## Excerpted records:
=== Begin Enclosure ===

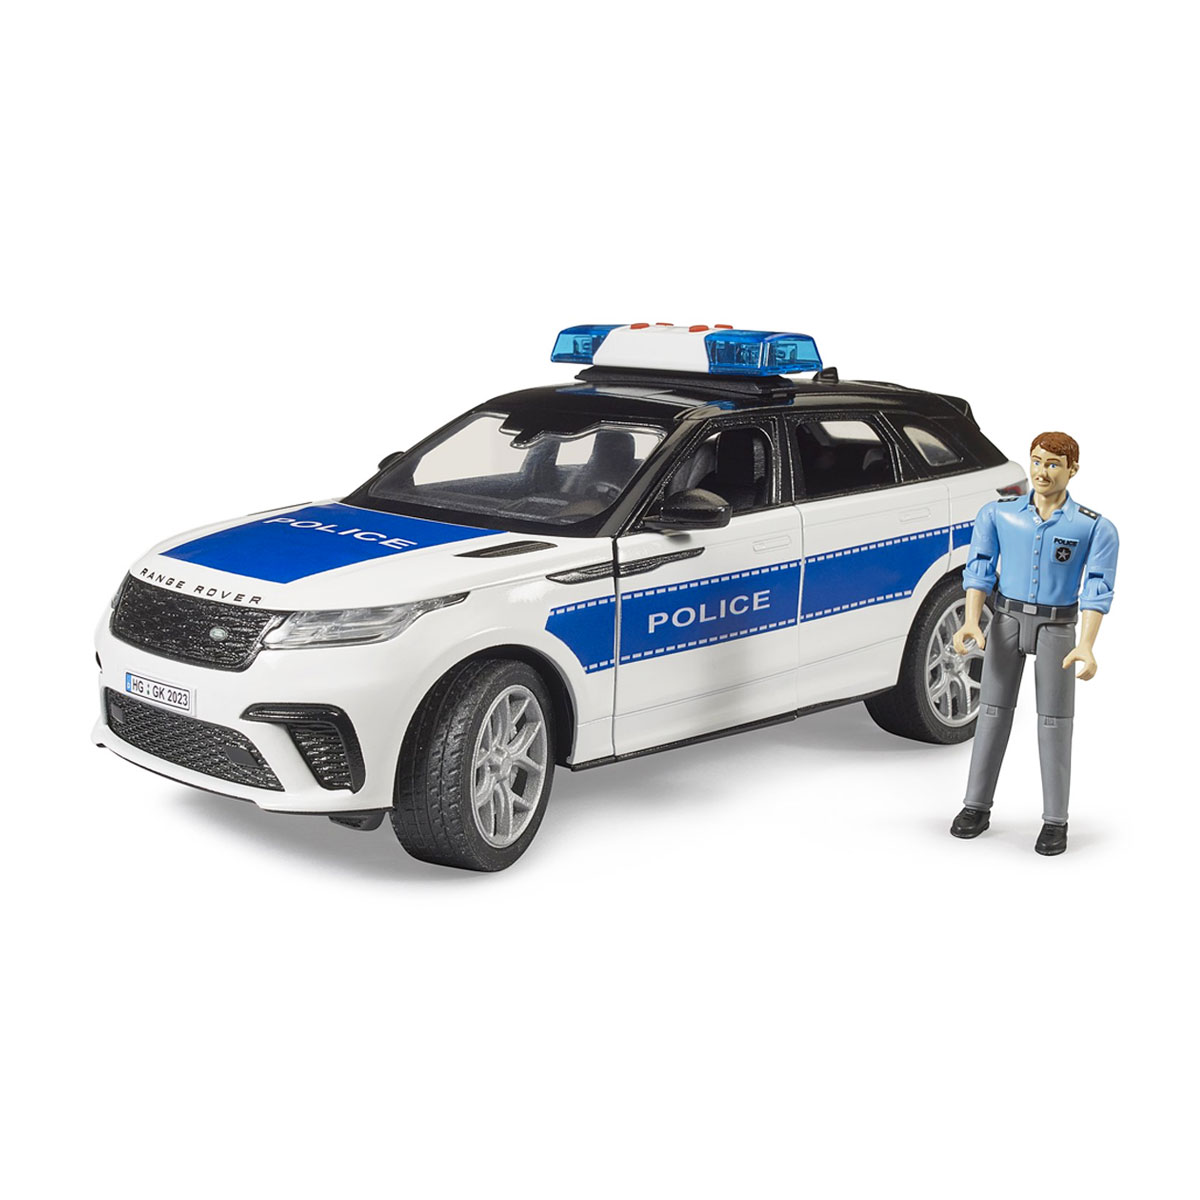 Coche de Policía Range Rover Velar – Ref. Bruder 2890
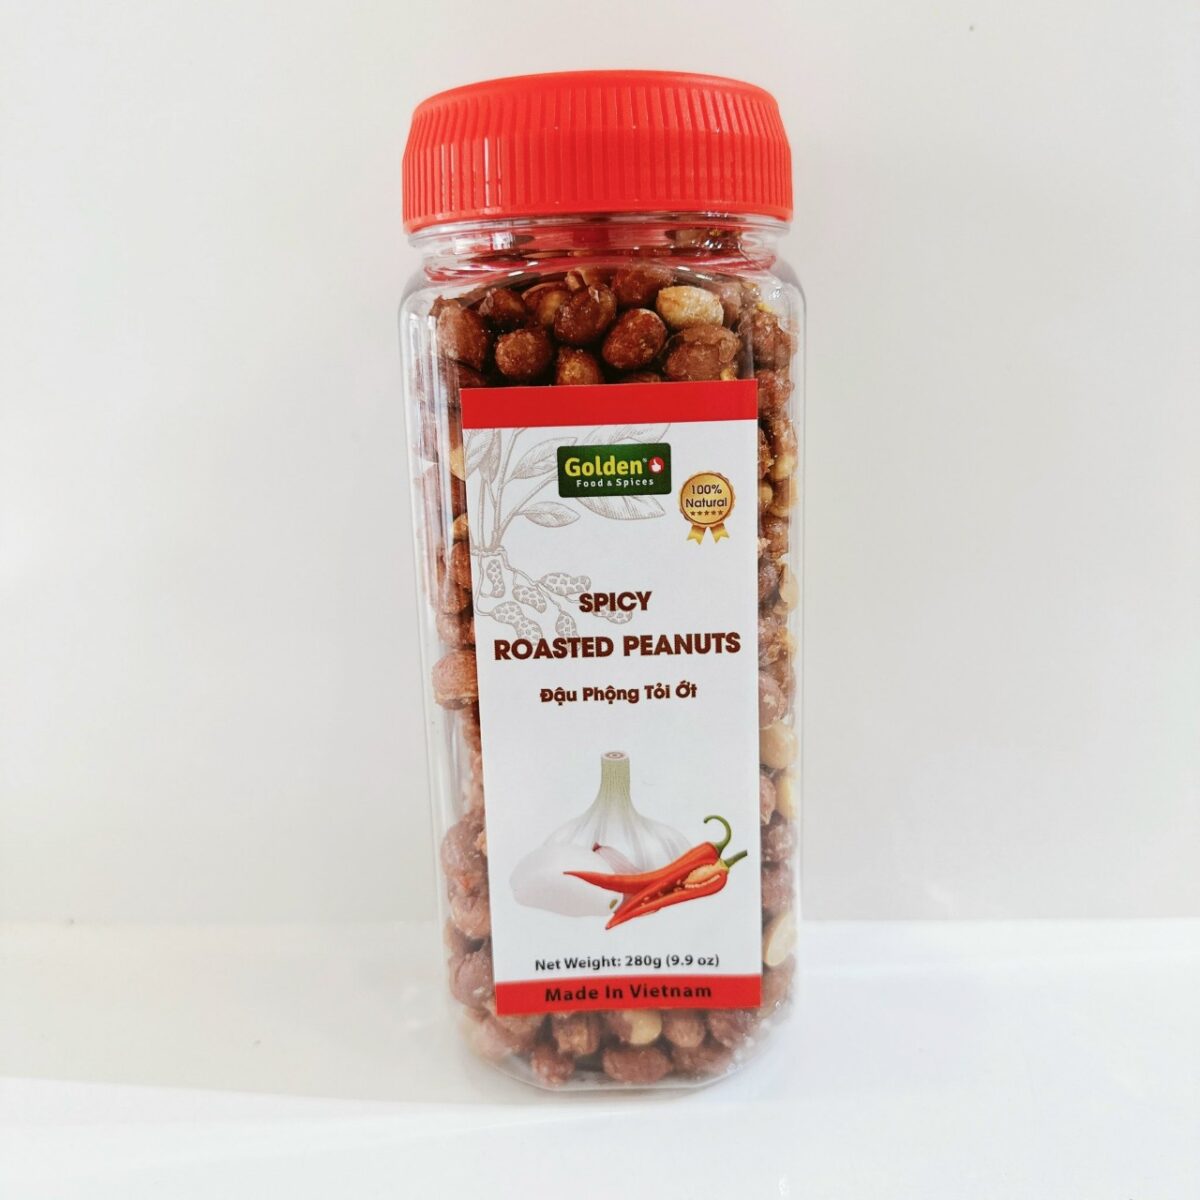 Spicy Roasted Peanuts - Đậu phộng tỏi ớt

=== End Enclosure ===
=== Begin Enclosure ===

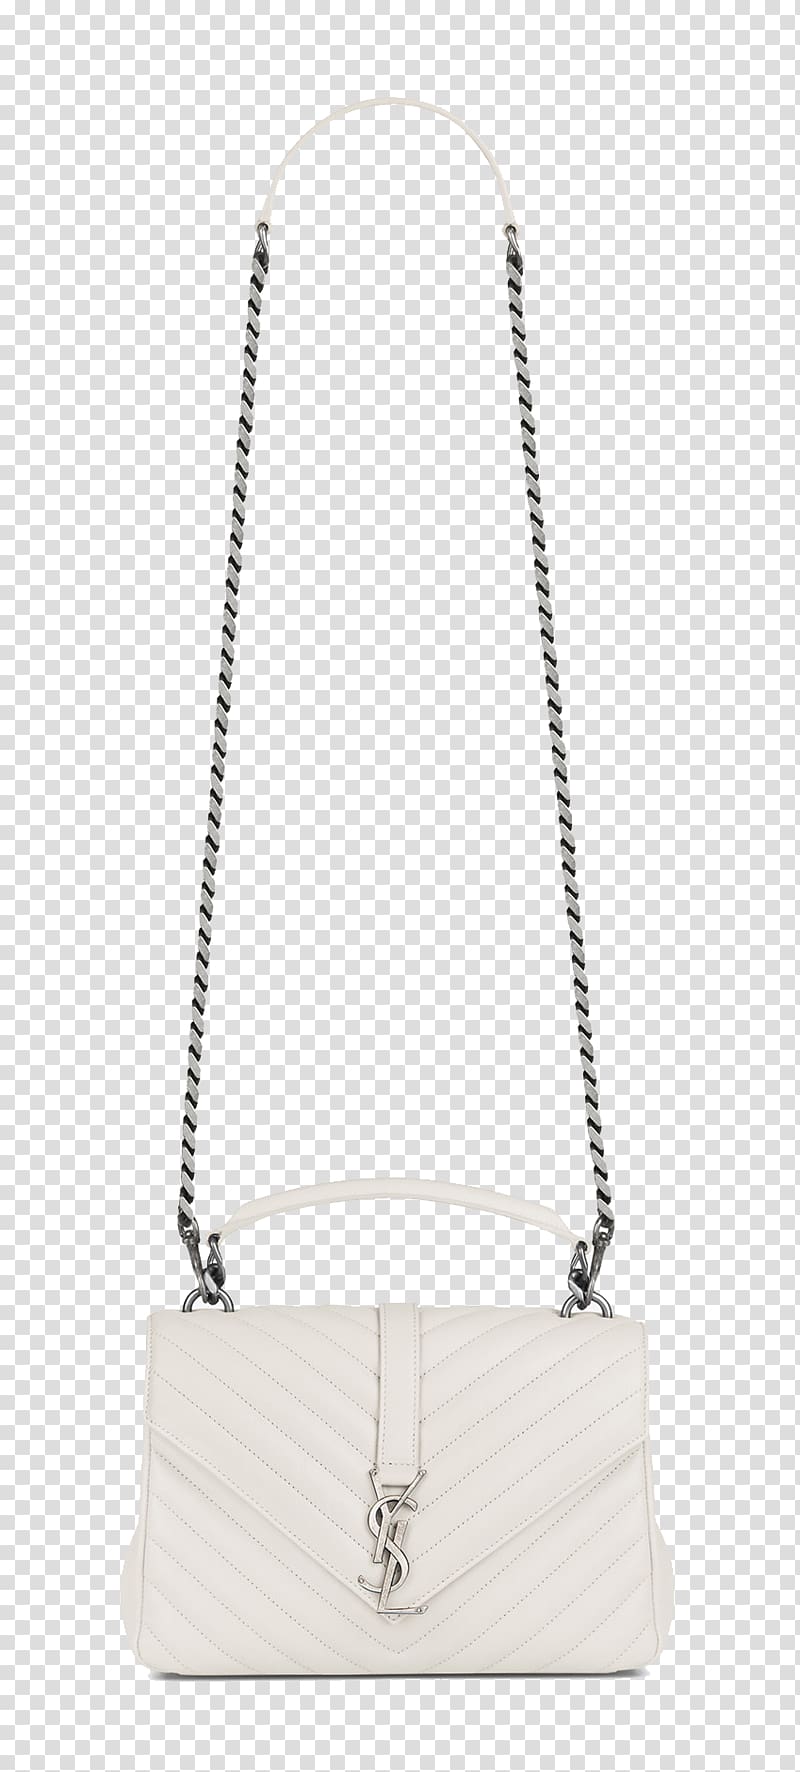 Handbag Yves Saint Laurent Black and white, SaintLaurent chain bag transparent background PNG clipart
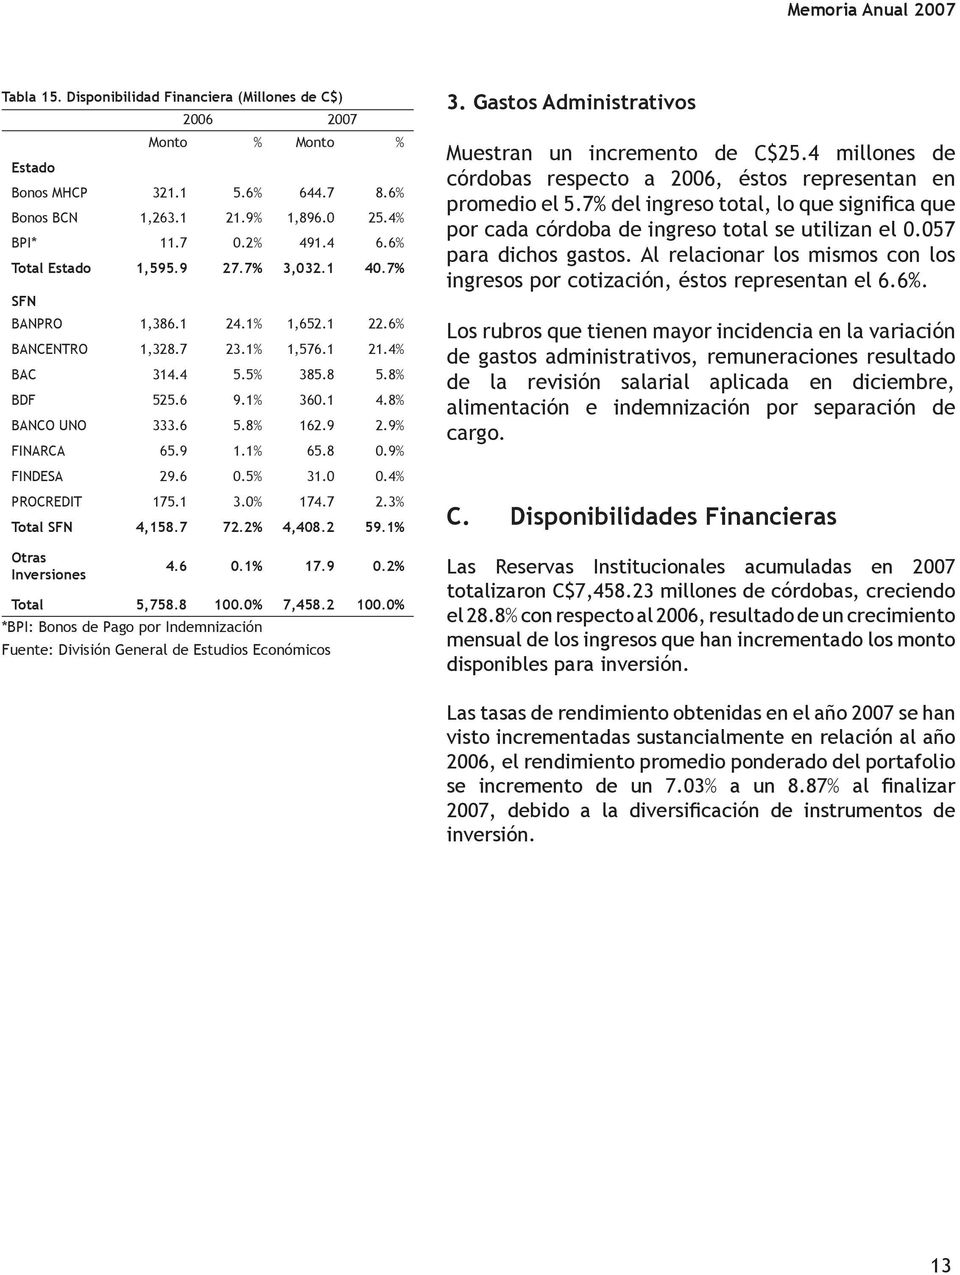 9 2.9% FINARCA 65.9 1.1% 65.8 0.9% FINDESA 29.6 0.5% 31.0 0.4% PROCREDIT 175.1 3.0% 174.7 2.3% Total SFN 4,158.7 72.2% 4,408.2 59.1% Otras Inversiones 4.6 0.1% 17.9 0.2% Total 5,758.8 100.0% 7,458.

=== End Enclosure ===

## Exercise details:
Leaving pictures out, output the lines of the data above from the one with "Coche de Policía" through the one with "Spicy Roasted Peanuts - Đậu phộng tỏi ớt", word for word.

## Solution to this task:
 Coche de Policía Range Rover Velar – Ref. Bruder 2890
 Spicy Roasted Peanuts - Đậu phộng tỏi ớt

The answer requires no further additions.